Photo: America TV retrieved

The announcements:

On February 13th, the National Assembly agreed to designate an ad-hoc administration board with the power of acting on behalf PDVSA to take control of PDV Holding Inc., CITGO Holding Inc. and CITGO Petroleum Corporation, and appointed the following board members:

PDVSA ad-hoc administration board

  • Simón Antunes
  • Gustavo J. Velásquez
  • Carlos José Balza
  • Ricardo Alfredo Prada
  • David Smolansky

PDV Holding, Inc

  • Luisa Palacios 
  • Edgar Rincón
  • Oswaldo Nuñez
  • Fernando Vera
  • Elio Tortolero
  • Andrés Padilla

Citgo Holding, Inc.

  • Luisa Palacios
  • Edgar Rincón
  • Ángel Olmeta
  • Oswaldo Núñez
  • Javier Troconis
  • Rick Esser

Citgo Petroleum Corporation:

  • Luisa Palacios
  • Edgar Rincón
  • Luis Urdaneta
  • Ángel Olmetta
  • Andrés Padilla
  • Rick Esser

Who they are

All of them, except David Smolansky, are respected and experienced professionals from the oil industry, the international finance and the academics, living in the U.S.

Smolansky, a Caracas-area mayor persecuted by the Maduro regime and exiled in the U.S., is one of the key political players at this moment regarding the liaison between the Venezuelan National Assembly, the Trump administration, and the OAS.

Luisa Palacios, appointed head of CITGO, has a master’s degree in International Affairs from Columbia and a Ph.D. in the same area from Johns Hopkins University. She’s a specialist in energy policy and has worked at Procter & Gamble, Japan Bank for International Cooperation, Société Générale, Barclays Capital and Medley Global Advisors.

Luis Urdaneta was PDVSA’s executive vice-president until 1998. Angel Olmetta was director of operations at CITGO in the 90s. Edgar Rincón is the senior vice-president of operations for the Western Hemisphere at Houston-based Nabors Industries. Rick Esser is the current CITGO chief strategic officer and vice-president of compliance, under the Maduro administration. He’s a U.S. citizen.

What could happen now

Their mission is to achieve control over CITGO, with the help of the government of the country where the company is based, and to protect these resources from further pillaging by chavismo. Gaining control of CITGO doesn’t mean that the Guaidó administration will be funded. At least not if they manage it responsibly, how it should be.

Actually, Carlos Vecchio, the interim government’s envoy to the U.S., said that they do not plan to use CITGO money in the short term. “It belongs to Citgo. We want Citgo in financial health and for operations to continue, and for that money to stay there for when we are able to take effective control of power and the state’s institutions, including PDVSA.”
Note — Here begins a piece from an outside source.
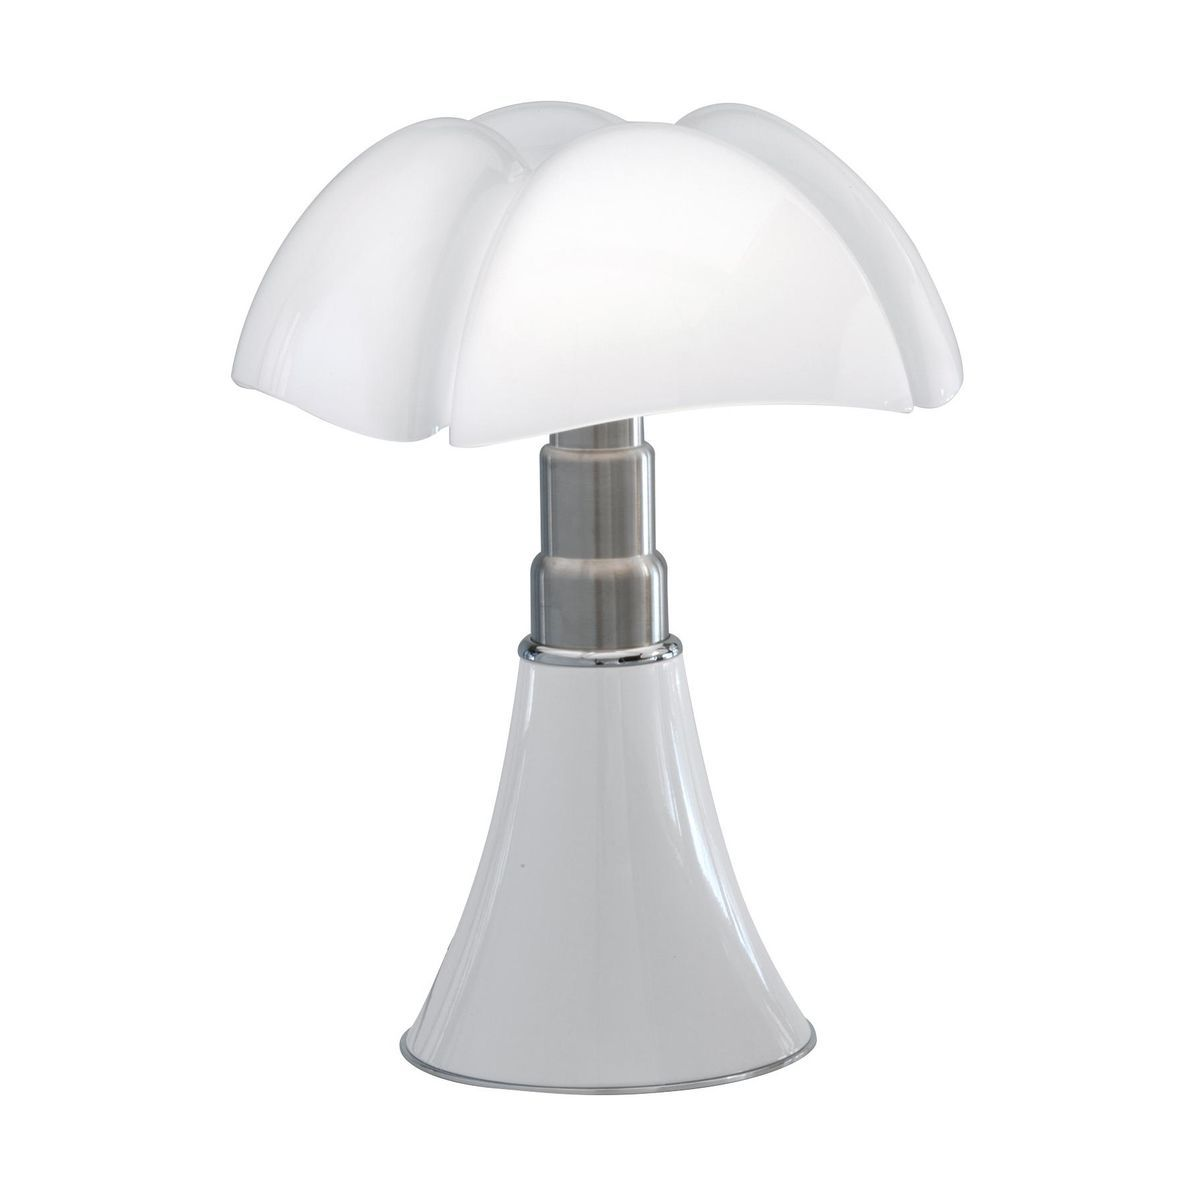 Top Pipistrello Table Lamp | Martinelli Luce | AmbienteDirect.com MH03

It is key that when they have full access to CITGO, a comptroller and auditors be engaged in keeping those books as clean as possible for two main reasons: a. Remember that CITGO, a company established and operating in the U.S., is subject to a higher standard of control and anti corruption practices than poor old PDVSA (that’s why PDVSA was used by chavismo as an ATM and Citgo as collateral when asking for more loans); and b. well, if you want to differentiate yourself from chavismo you can’t act like chavismo.
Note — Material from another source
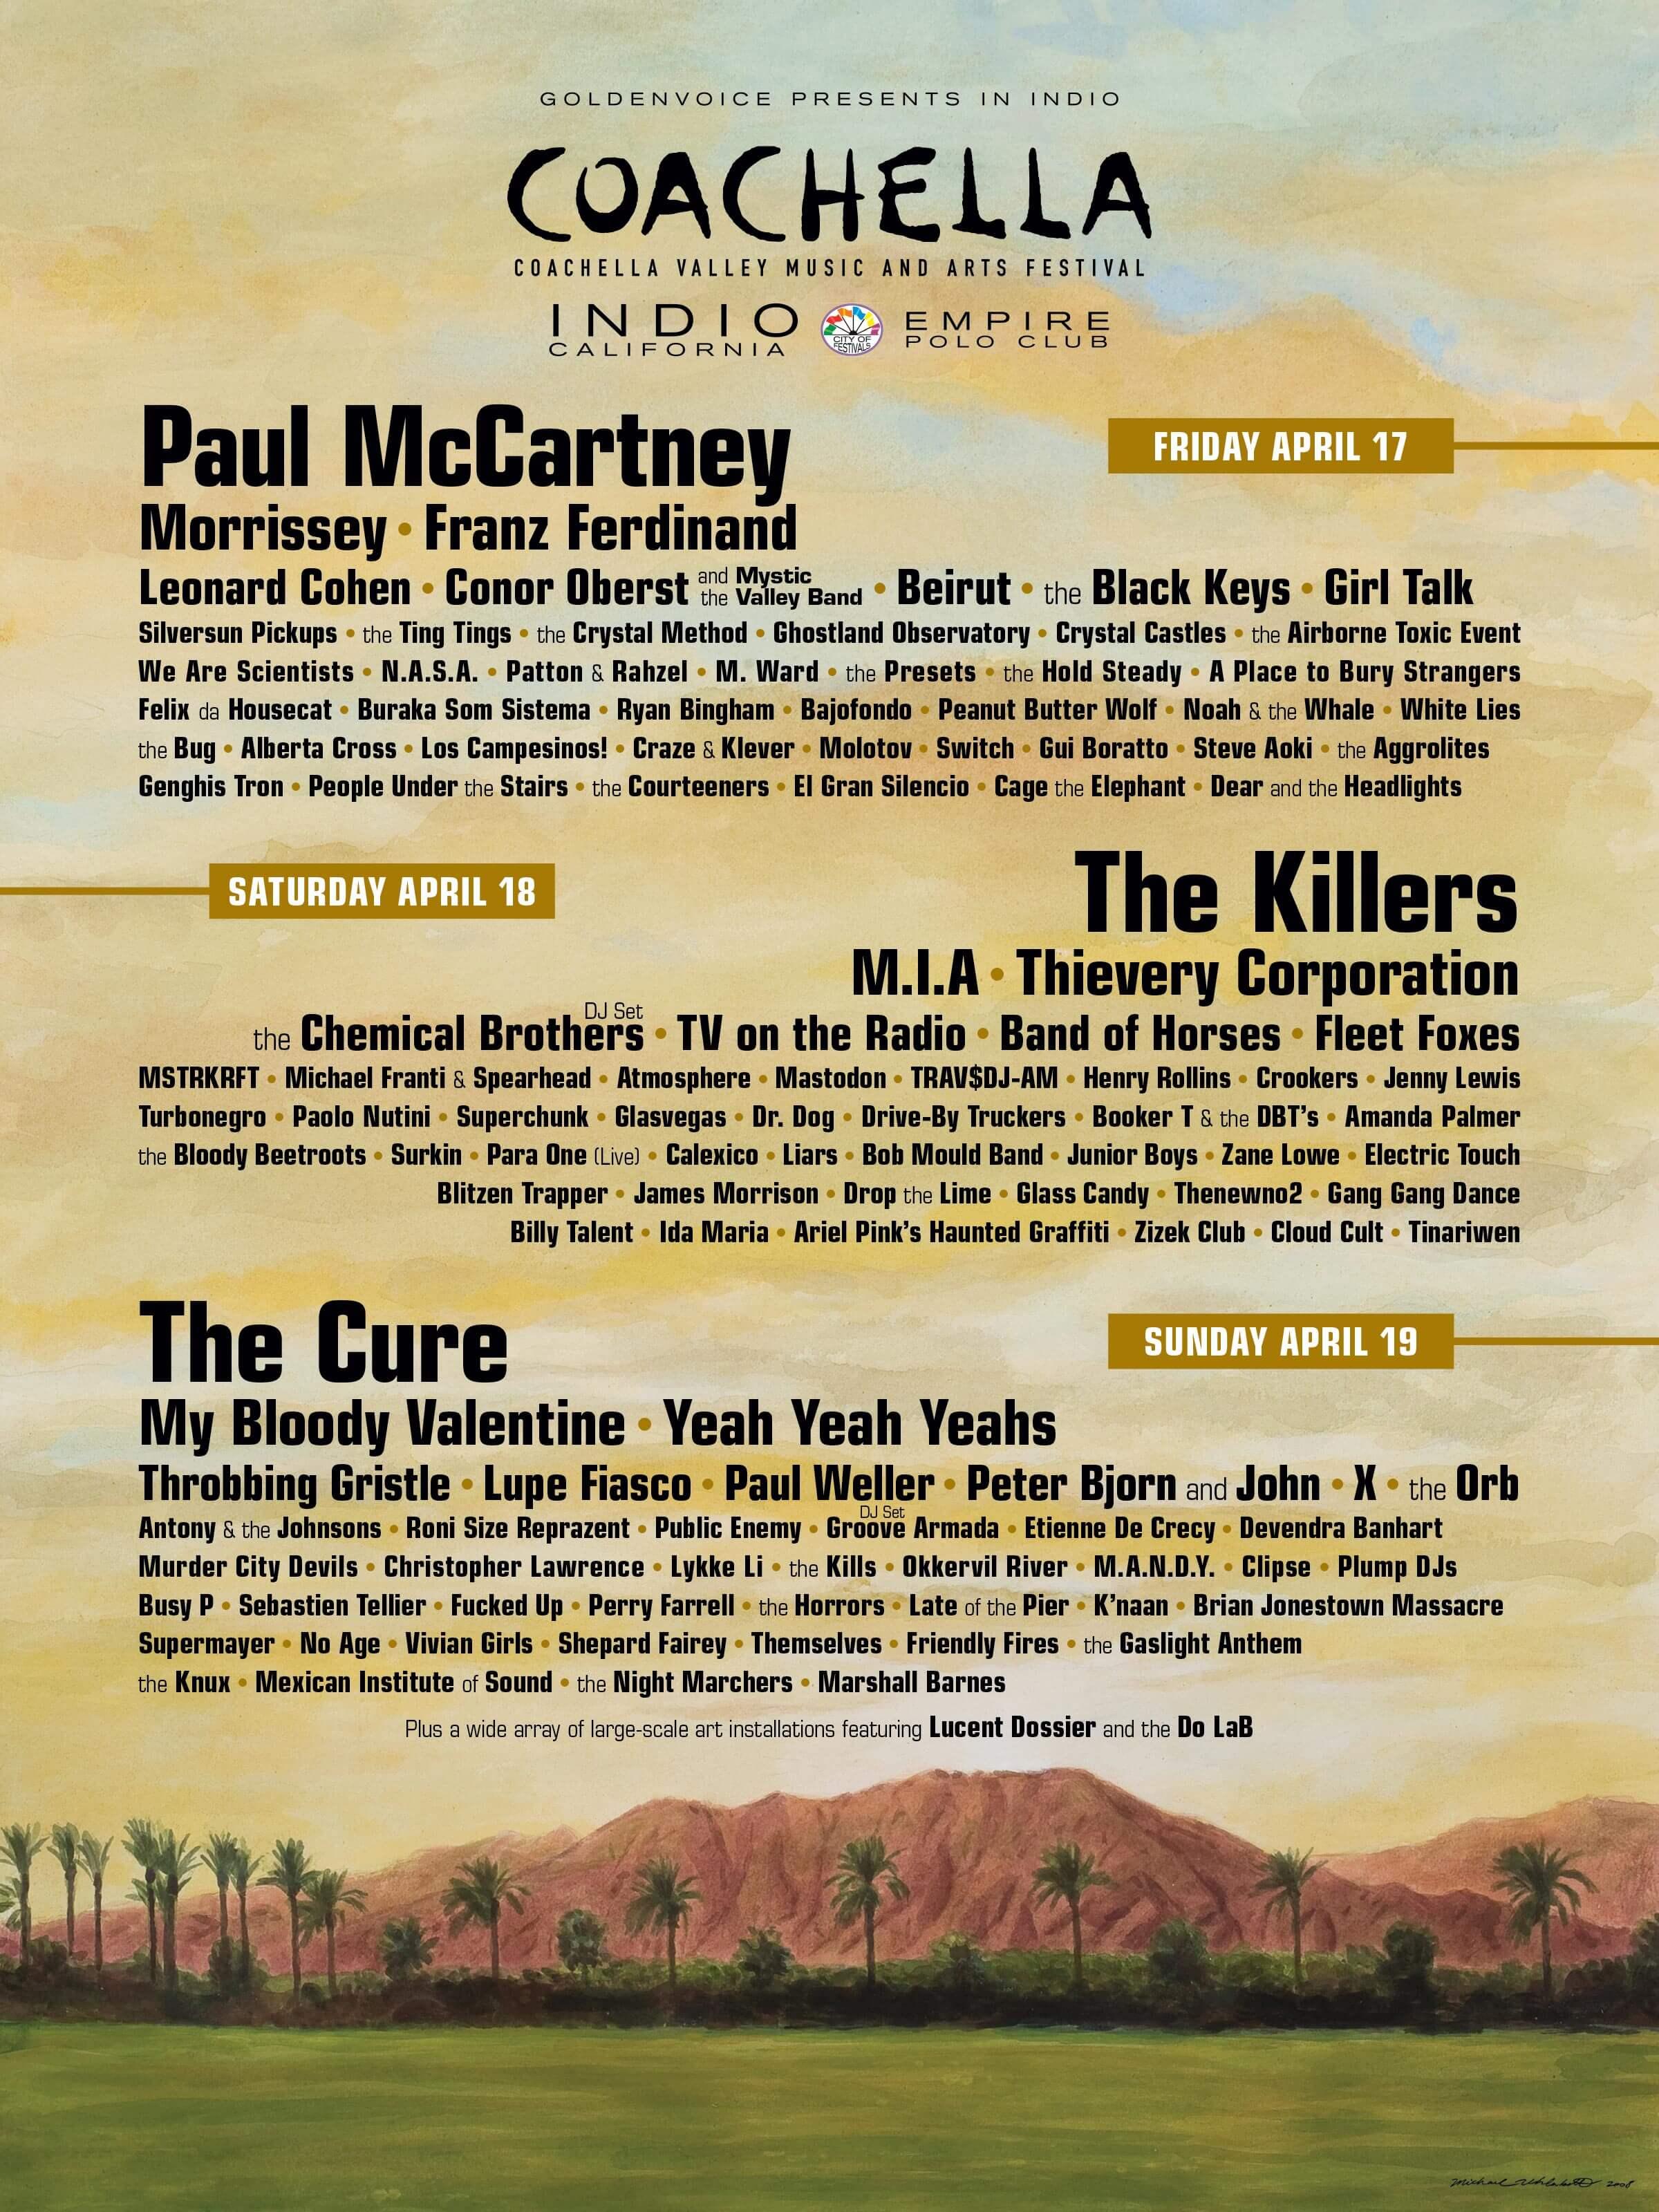 Coachella 2009 Lineup Poster

In any case, we can expect that none of this will happen overnight. Although it will be probably faster than recouping frozen assets abroad or gaining access to foreign PDVSA accounts, since this is a sort of corporate cese de usurpación.

We can expect a legal battle looking to win some time for chavismo to find a way to bypass the inevitable. The board members loyal to Maduro started to work from an office in the Bahamas to avoid the U.S. measures derived from the acknowledgment of Juan Guaidó as caretaker president, and they will fight to retain the control of such a strategic asset, against the board appointed by the National Assembly and supported by the U.S. Maduro, however, seems to be running out of options, especially after the U.S. Department of the Treasury blocked PDVSA assets in the U.S. with the intention that invoices to CITGO would be paid in accounts controlled by the legitimate government.
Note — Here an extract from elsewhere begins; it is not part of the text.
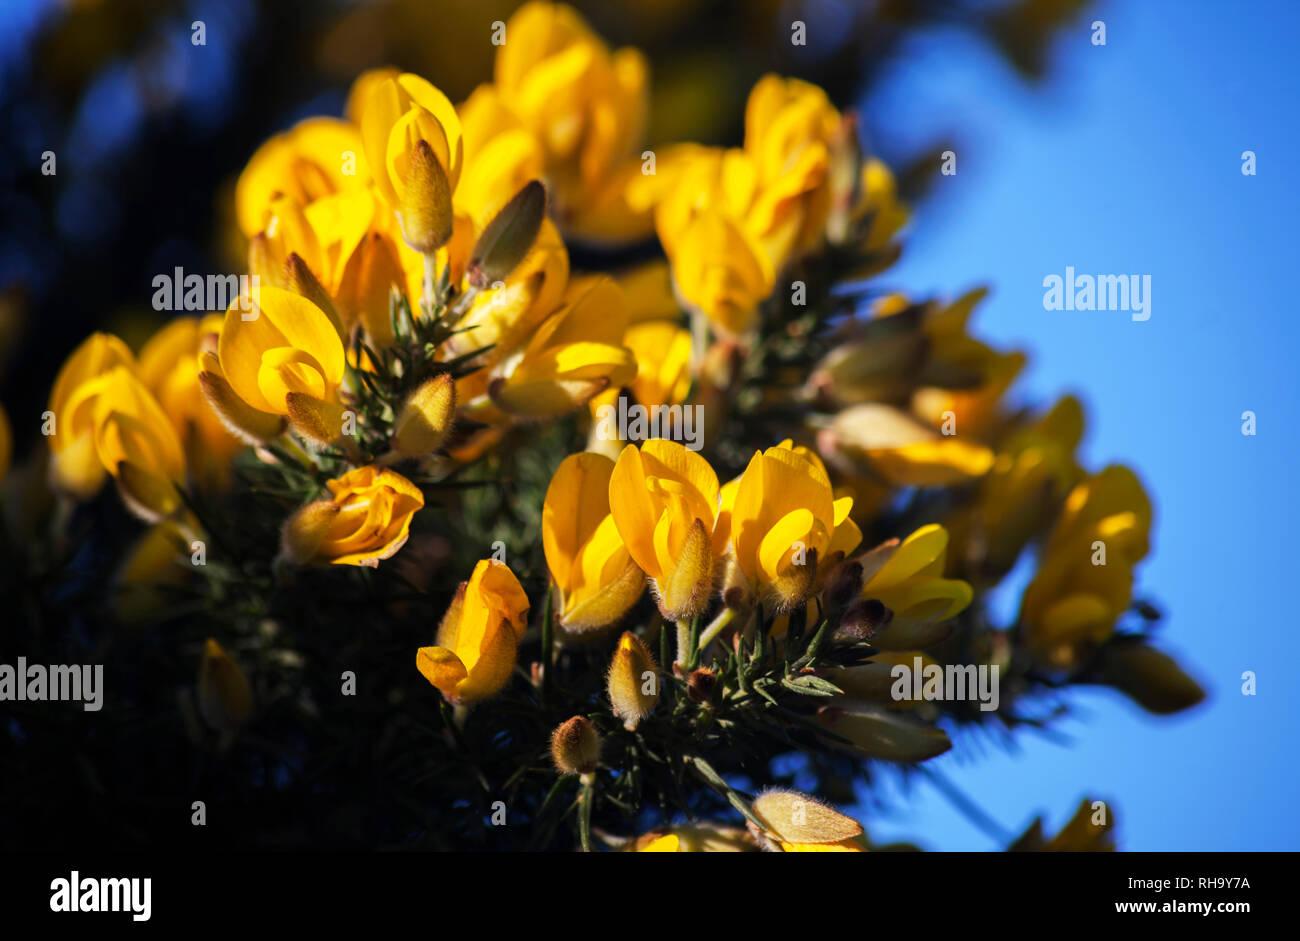 Flores Amarillas Perfumadas Fotos e Imágenes de stock Alamy

The financial front has its own enormous challenges: CITGO is not only in shambles, as the whole Venezuelan oil industry, but its shares are also disputed by Russian Rosneft. “I wouldn’t be surprised by a strategy via Chapter 11 plus renegotiation, to impede that PDVSA creditors take control of CITGO”, says oil specialist José De la Rosa.

In any case, on strategic terms, this is one of the most critic developments about the power struggle around Venezuela. The following weeks will produce critical news on this front.